Historically, corn ethanol plants are classified into two types: wet milling and dry milling. In wet
milling plants, corn kernels are soaked in water containing sulfur dioxide (SO2), which softens
the kernels and loosens the hulls. Kernels are then degermed, and oil is extracted from the
separated germs. The remaining kernels are ground, and the starch  and gluten are separated.
The starch is used for ethanol production. In dry milling plants, the whole dry kernels are milled.
The milled kernels are sent to fermenters, and the starch portion is fermented into ethanol. The
remaining, unfermentable portions are produced as distilled grains and solubles (DGS) and
used for animal feed. Dry mill  plants have become the primary production process for fuel
ethanol. All corn ethanol plants that have come online in the past several years are dry milling
plants, and the Renewable Fuels Association estimates that essentially all new plants expected
to come online in the next few years will also be dry milling plants.

Dry mill ethanol plants have traditionally used natural gas as the process fuel for production.
Natural gas is used to raise steam for mash cooking, distillation, and evaporation. It is also used
directly in DGS dryers and in thermal oxidizers that destroy the volatile organic compounds
(VOCs) present in the dryer exhaust.

The industry has made great progress in reducing energy consumption since its start in the
1980s; to produce a gallon of  ethanol, today's  dry mill plants only use about half of the energy
used by the earliest plants.2 Still, natural gas prices are on the rise, and energy costs are
second only to raw material costs in the dry mill process. These factors are driving the industry
to undertake further efforts to  reduce energy use, or to switch from natural gas to other fuels
such as coal, wood chips, or even the use of DGS and other process byproducts.

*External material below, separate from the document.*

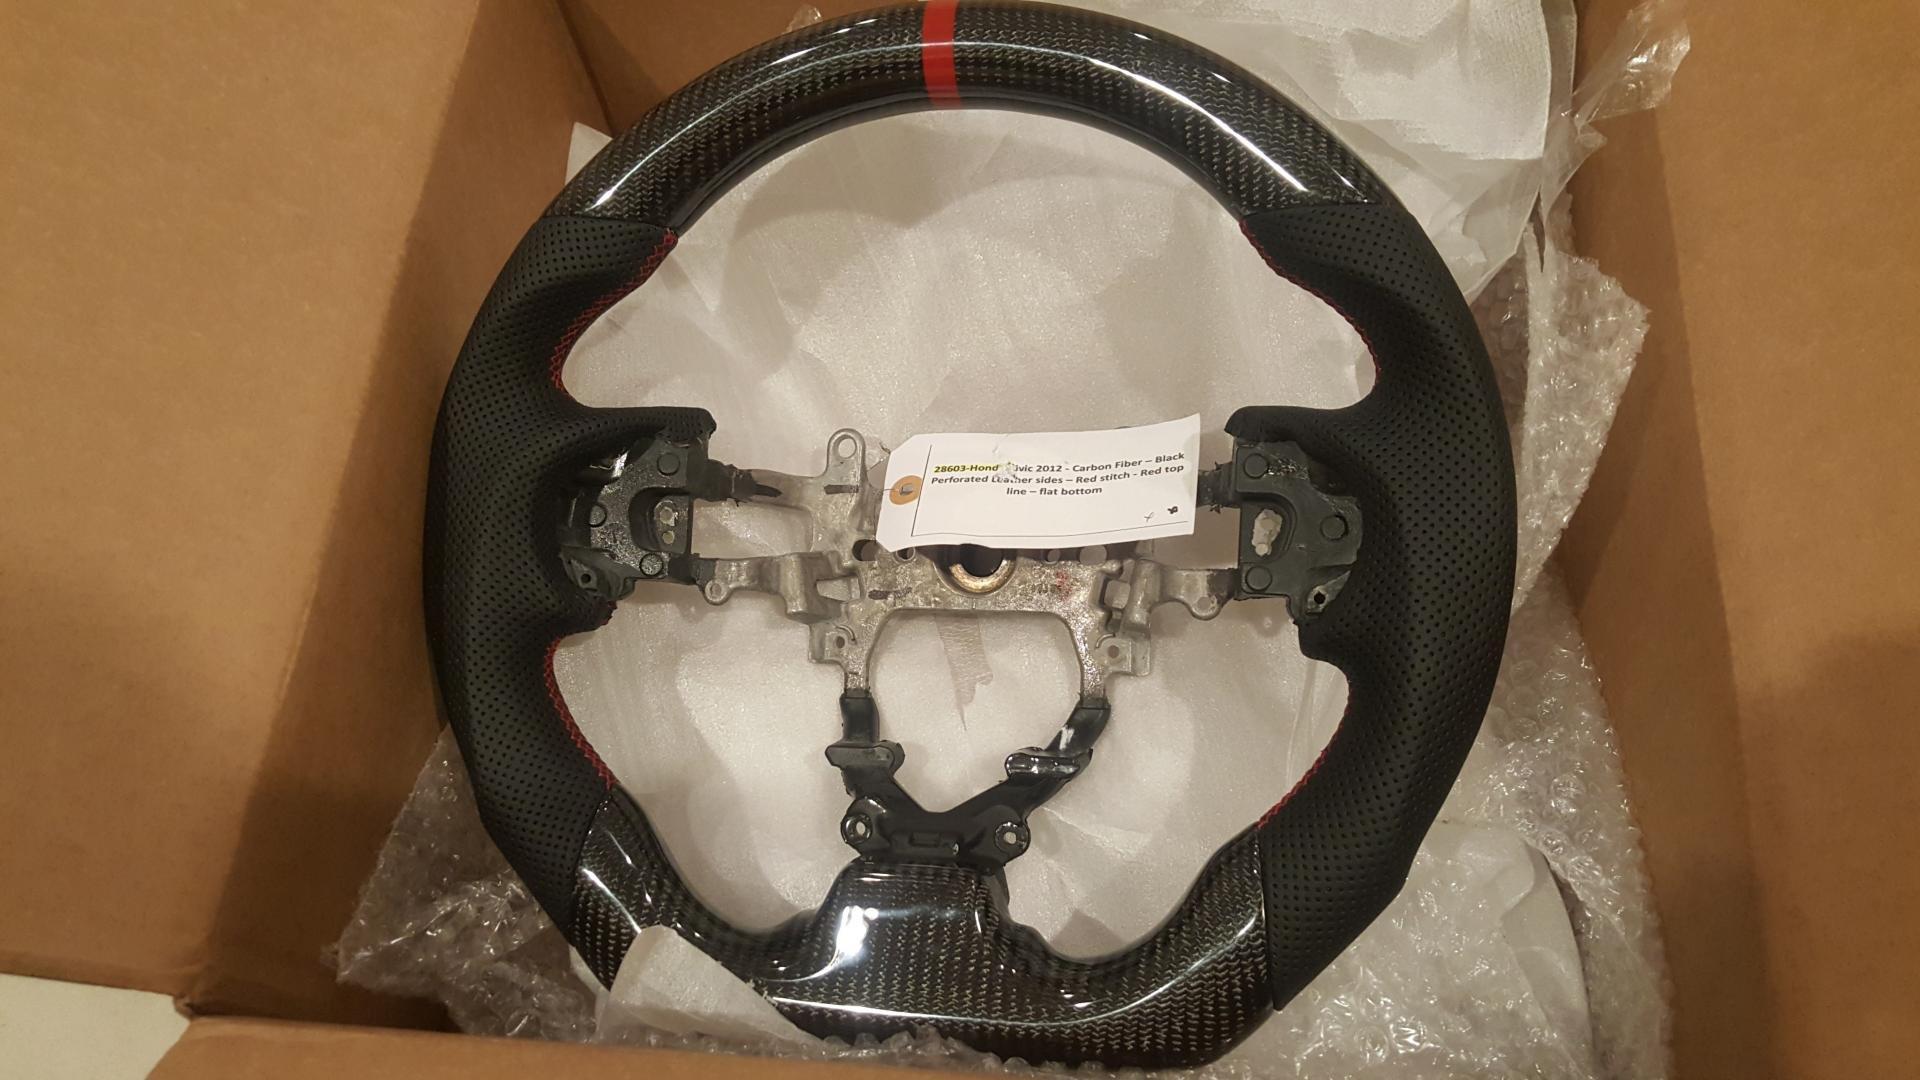 Carbonfiber Steering Wheel - scgarageworks-20180725_204324.jpg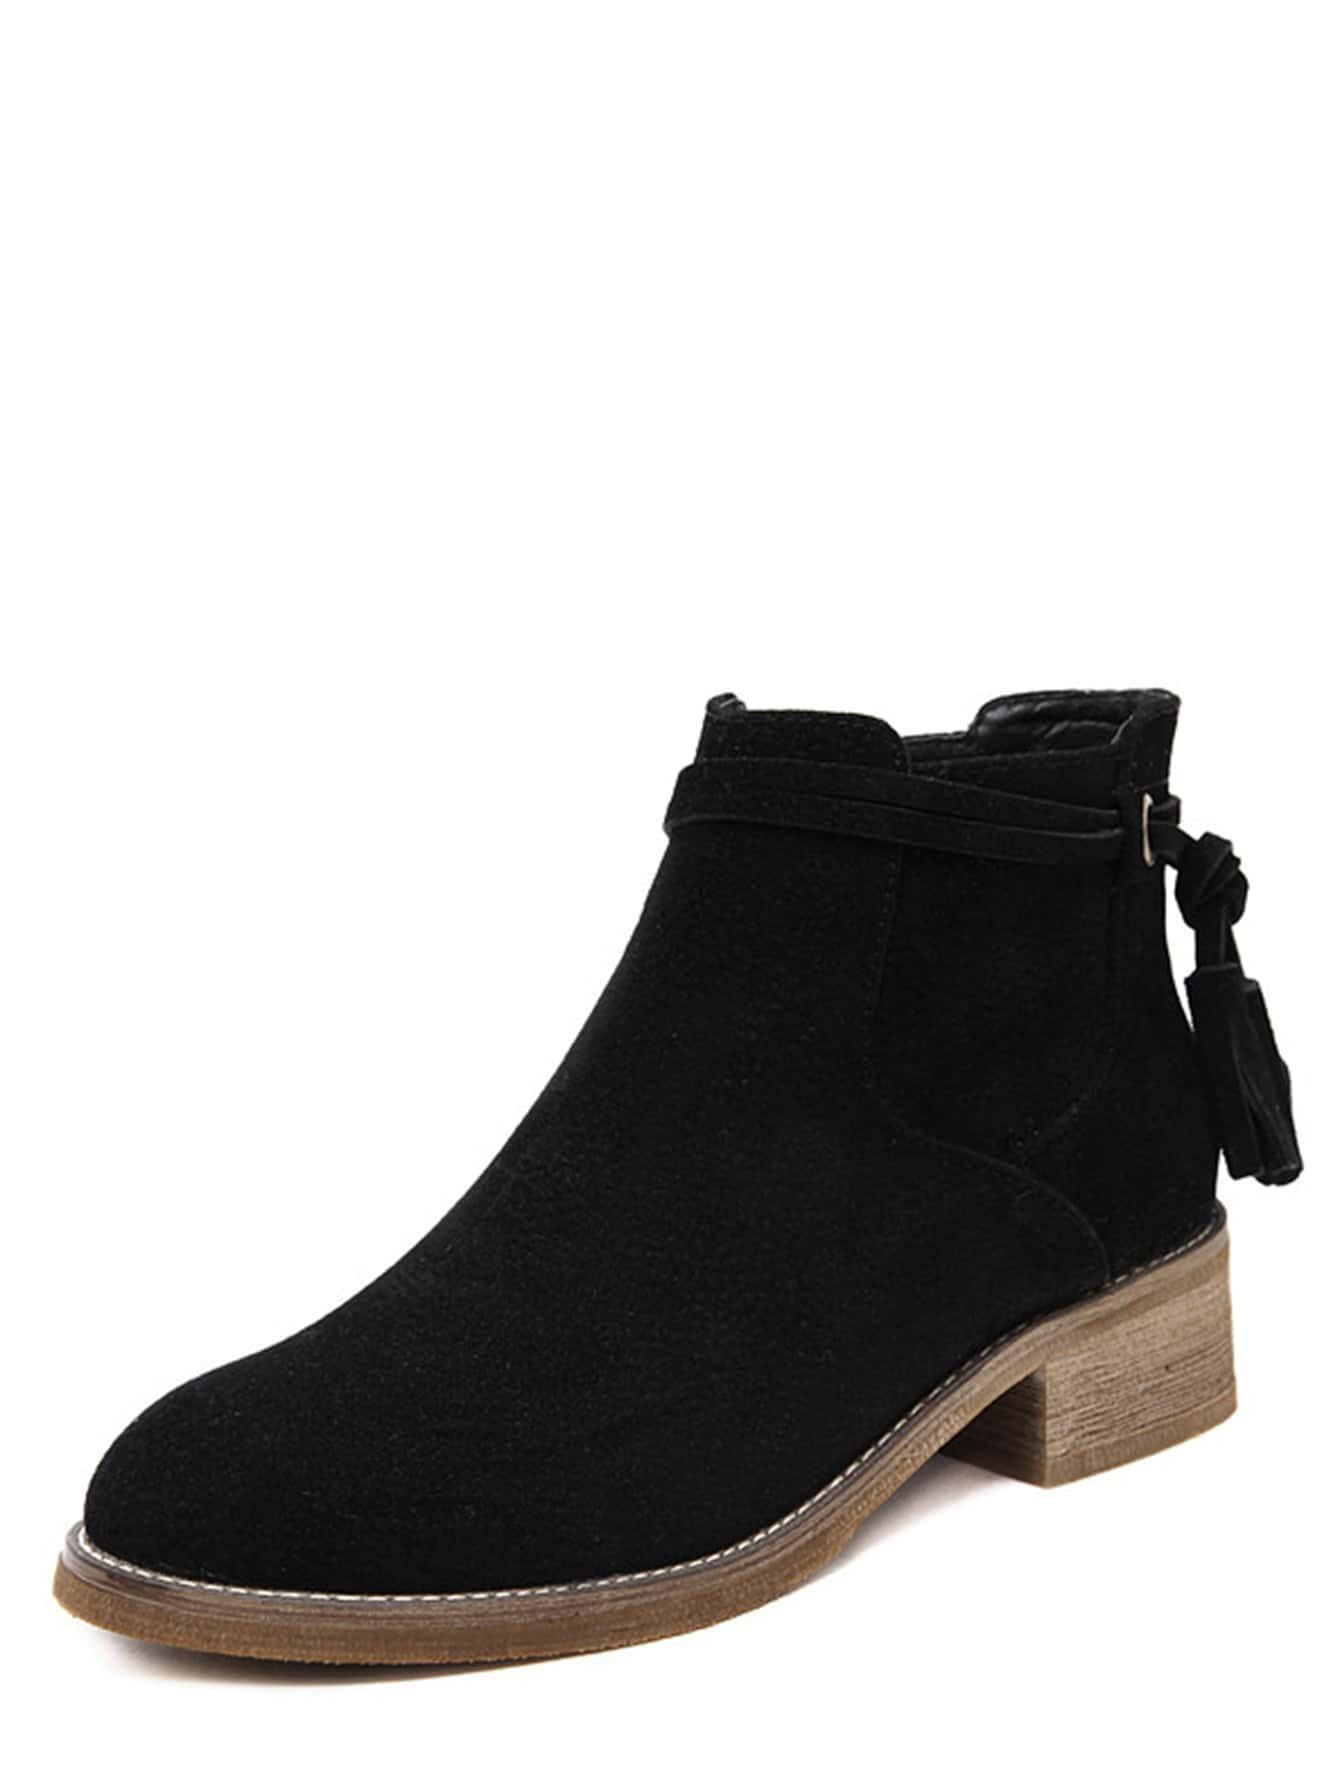 shoes161012806_2

Along with increased production efficiencies and expanded fuel  capabilities, combined heat and
power (CHP) is increasingly being considered as an efficient energy  services option by many
ethanol plant owner and financing groups. CHP is an efficient, clean, and reliable energy
services alternative, based on generating electricity on site. CHP avoids line losses, increases
reliability, and captures much  of the heat energy normally wasted in power generation to supply
steam and other thermal needs at the site. CHP systems typically achieve total system
efficiencies of 60 to 80 percent compared to only about 50 percent for conventional  separate
electricity and thermal energy generation (see Figure 1). By efficiently providing electricity and
thermal energy from the same fuel source at the point of use, CHP significantly reduces the total
fuel used by a business or industrial plant, along with the corresponding emissions of carbon
dioxide (CO2) and other pollutants.
1 Ethanol Industry Outlook 2007. Renewable Fuels Association. February 2007 and EPA CHRP data.
2 Huo, H., Wang, M., & Wu, M. Life Cycle and Greenhouse Gas Emissions Impacts of Different Corn Ethanol
Plant Types. Argonne National Laboratory. 2007.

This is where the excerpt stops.